Task:
Dropping every picture, set down exactly the lines in the entries below, starting with the line with "dolce chunky &" and going on through the line with "Ethiopia's unforgettable famines: Here's".

Source material:
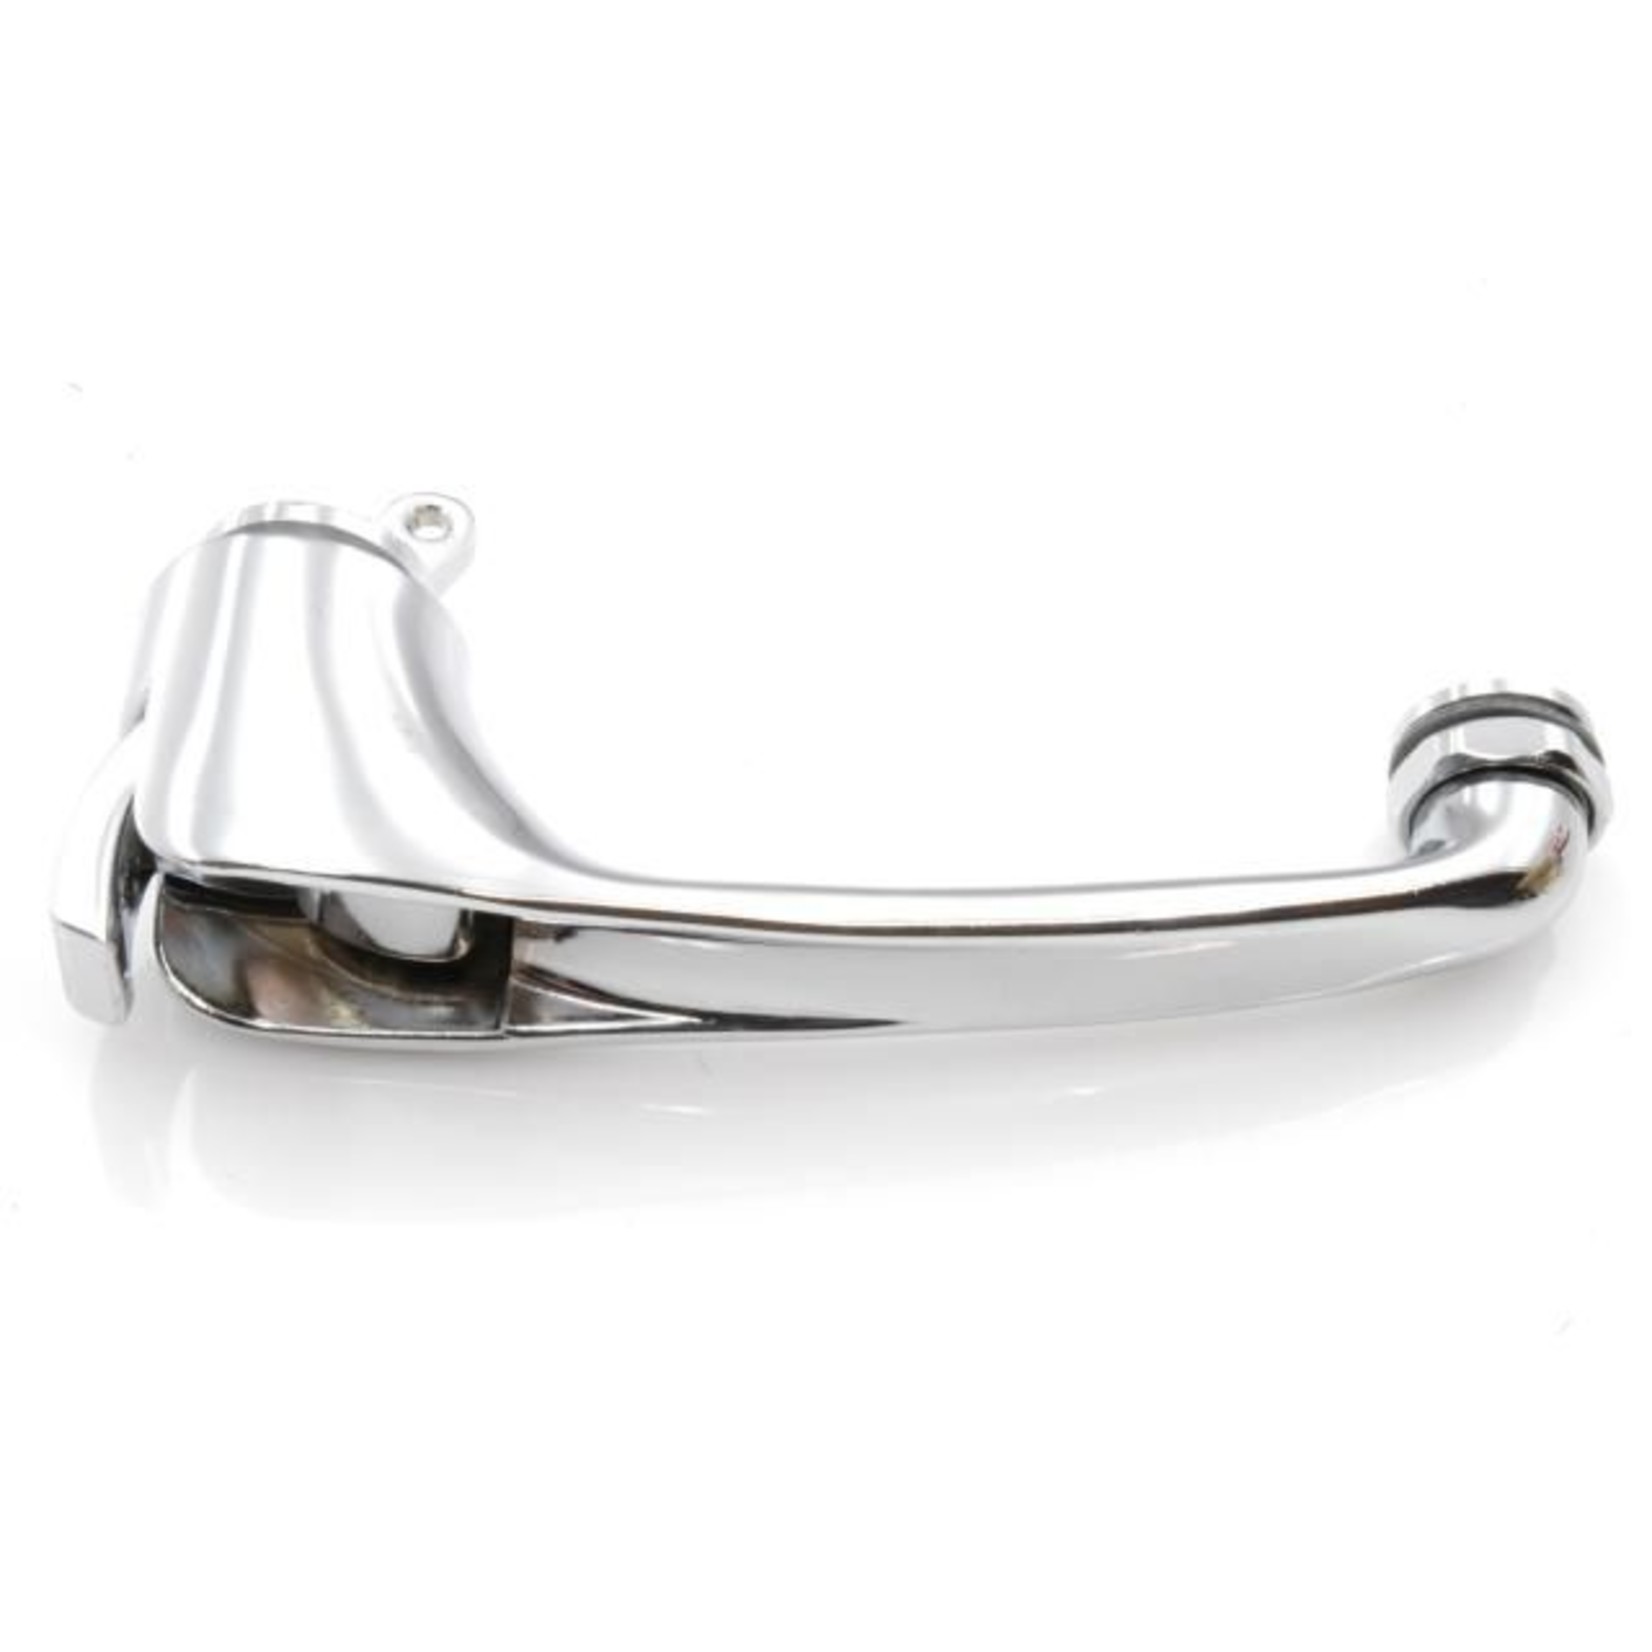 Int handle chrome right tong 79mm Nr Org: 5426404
--
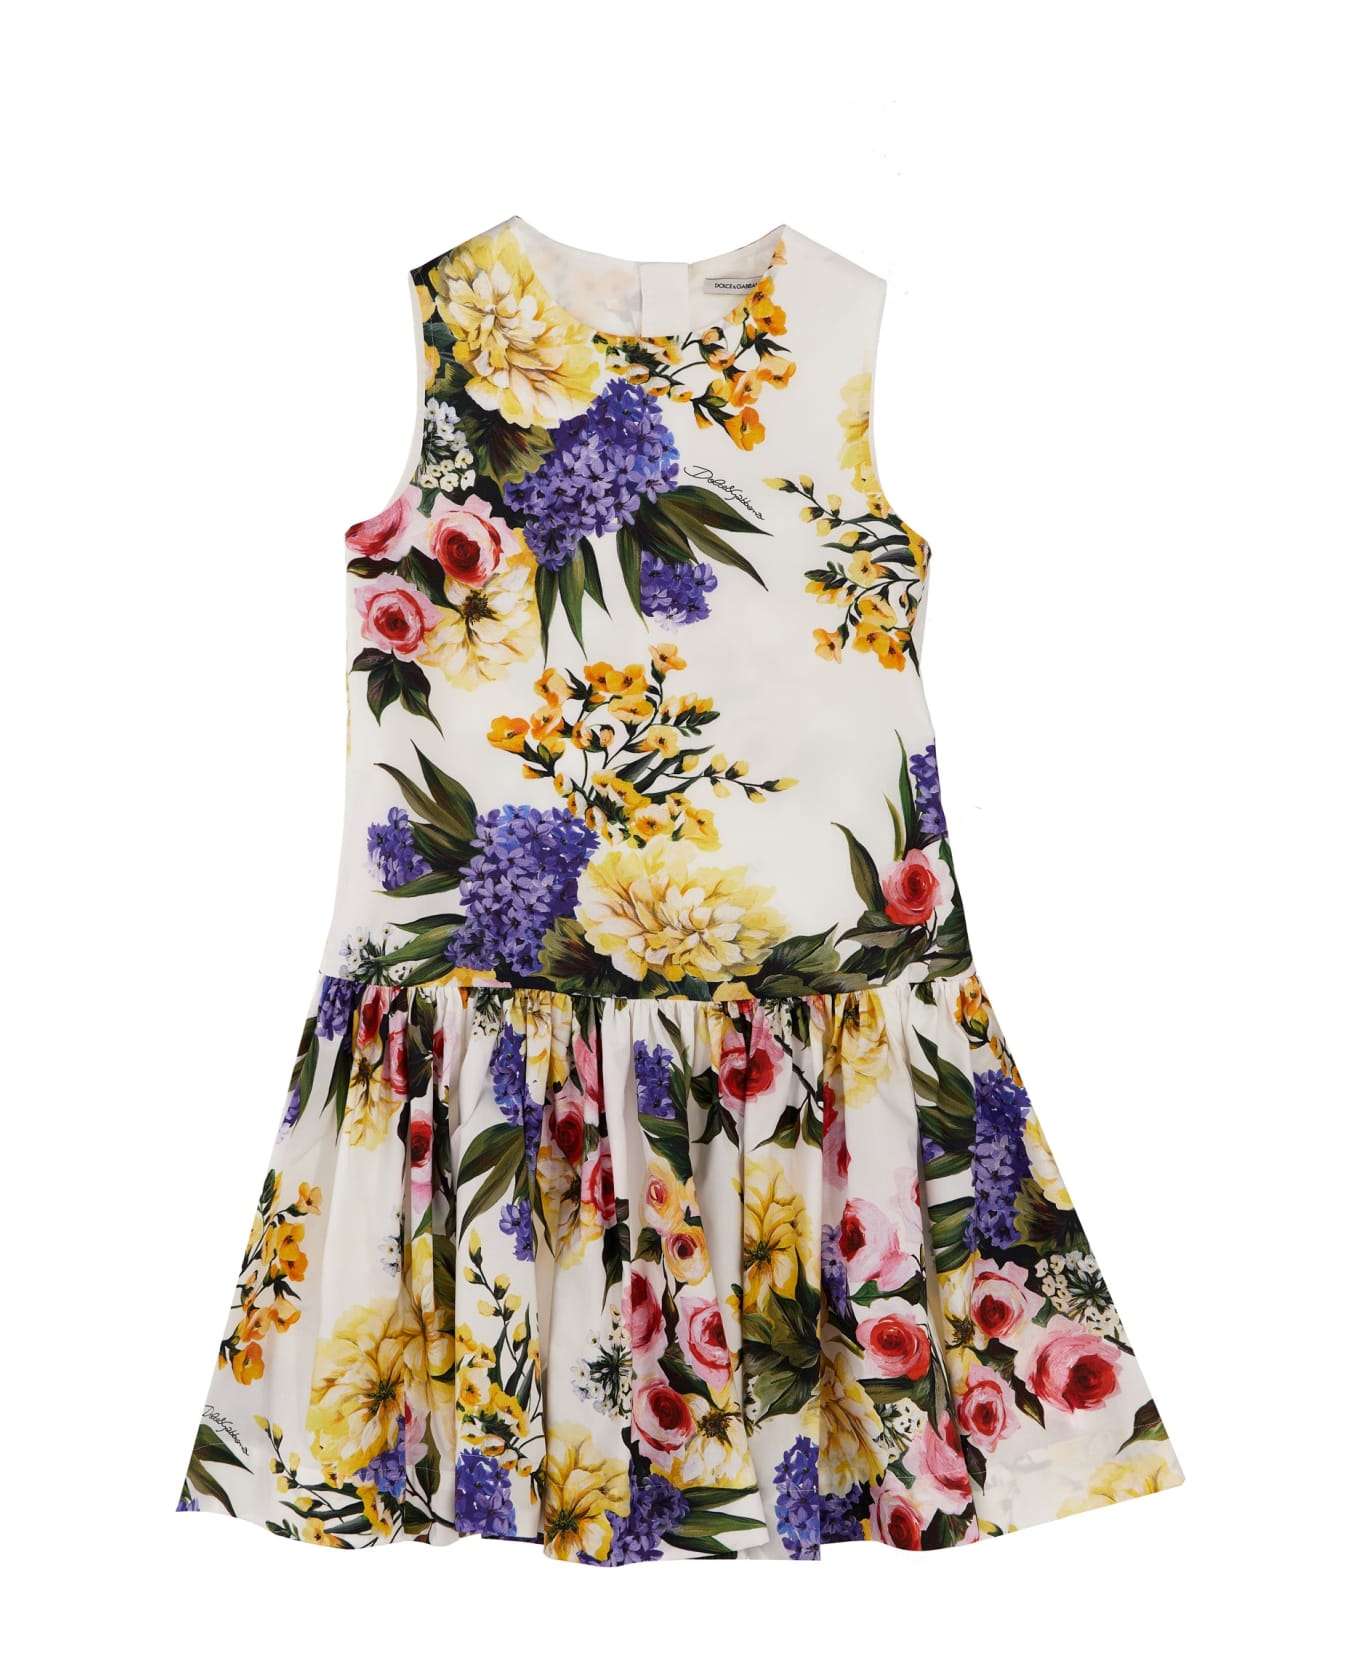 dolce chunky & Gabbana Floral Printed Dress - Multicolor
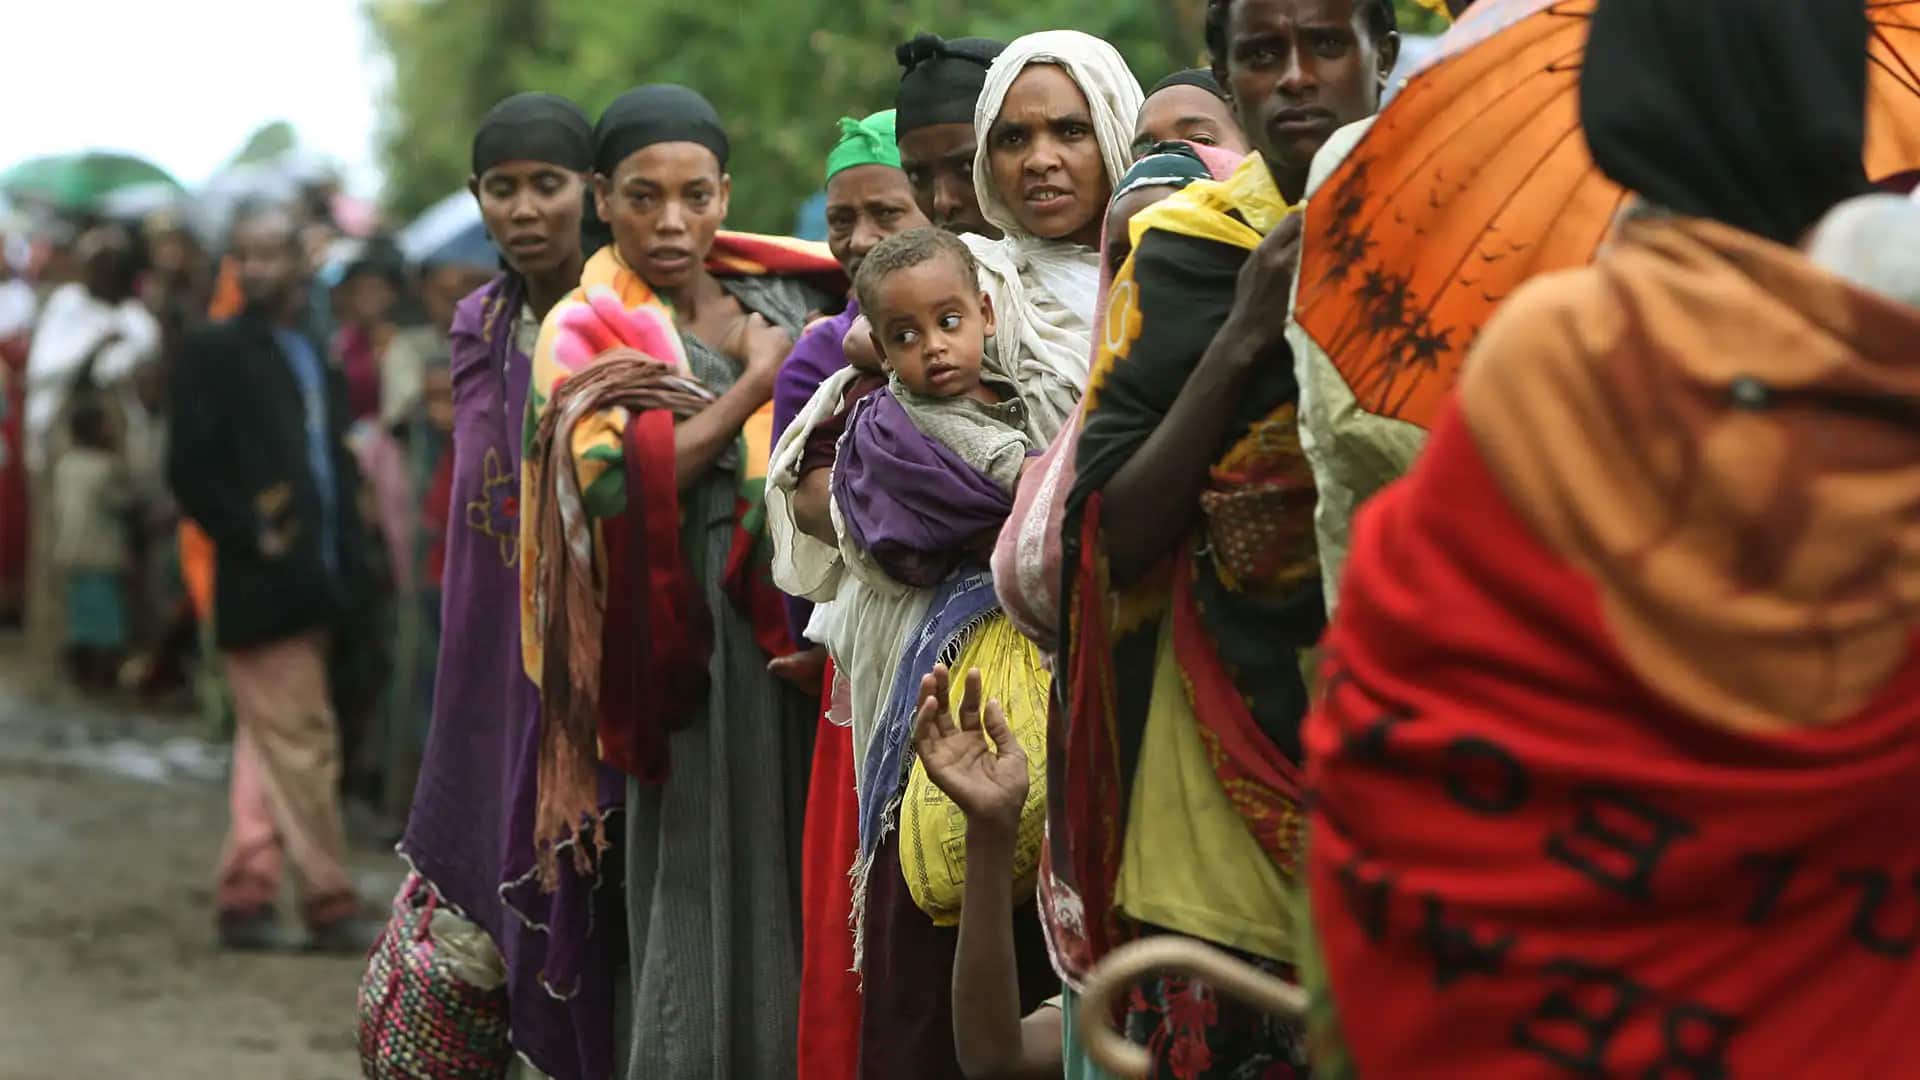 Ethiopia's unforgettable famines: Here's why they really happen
==
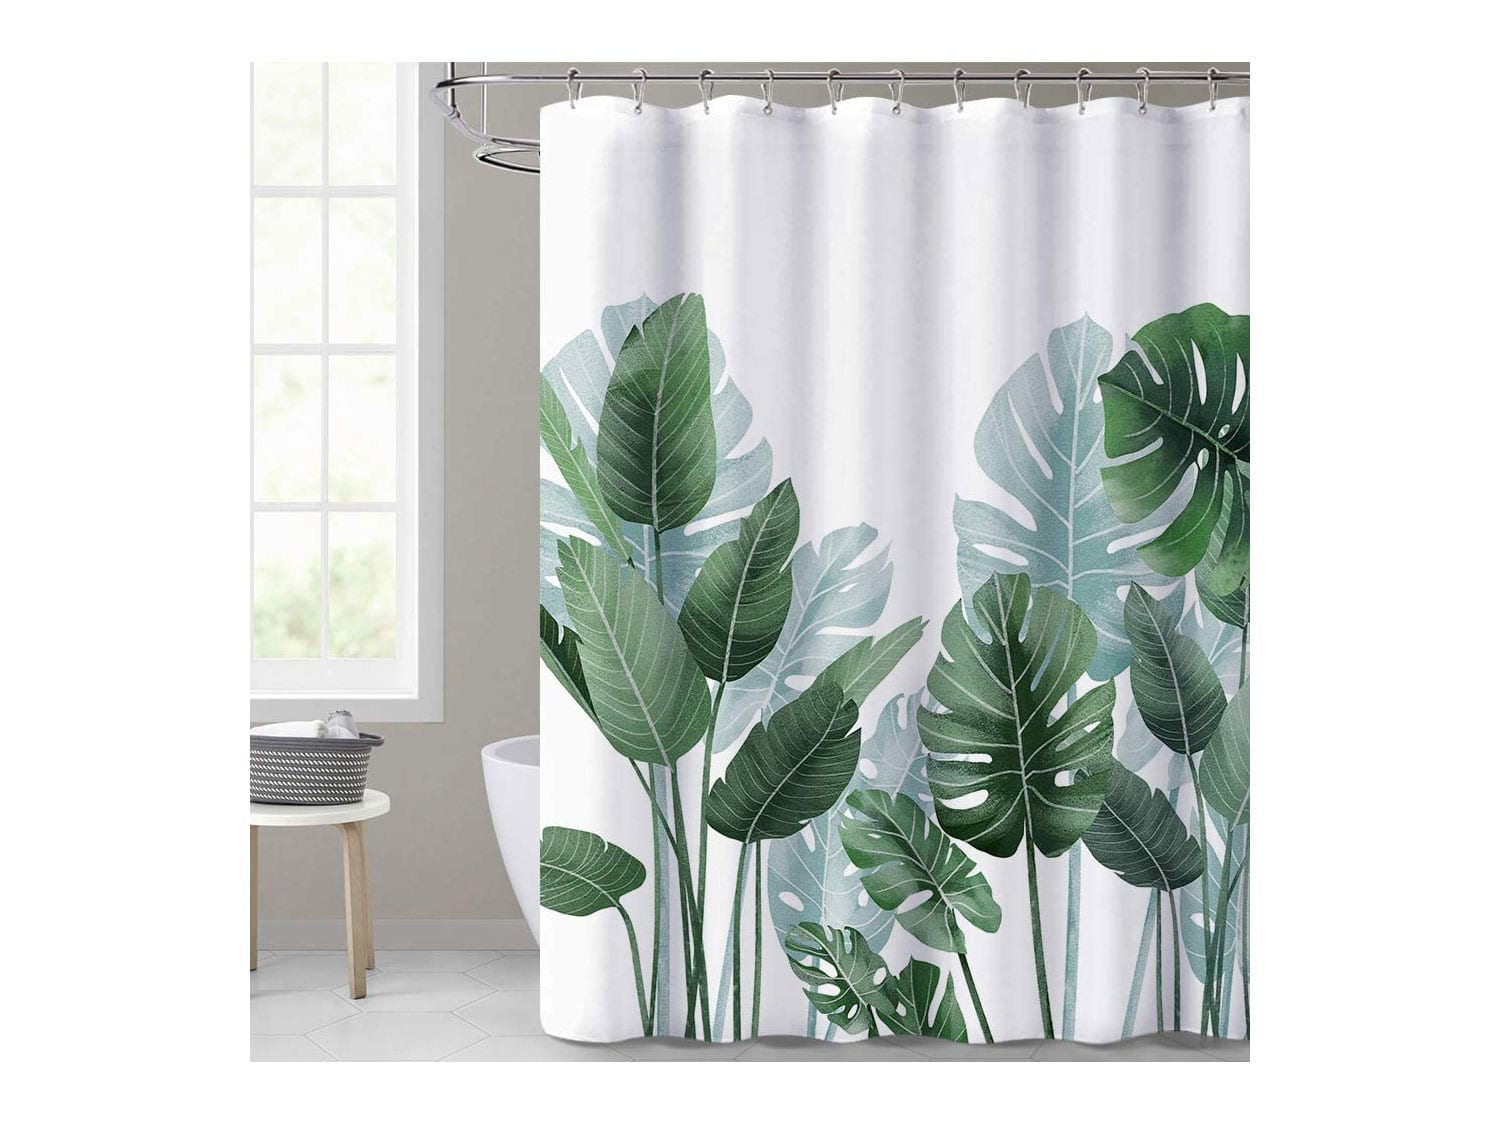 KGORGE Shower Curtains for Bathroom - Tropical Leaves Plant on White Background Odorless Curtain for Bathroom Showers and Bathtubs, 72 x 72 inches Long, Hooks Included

Exercise output:
 dolce chunky & Gabbana Floral Printed Dress - Multicolor
 Ethiopia's unforgettable famines: Here's why they really happen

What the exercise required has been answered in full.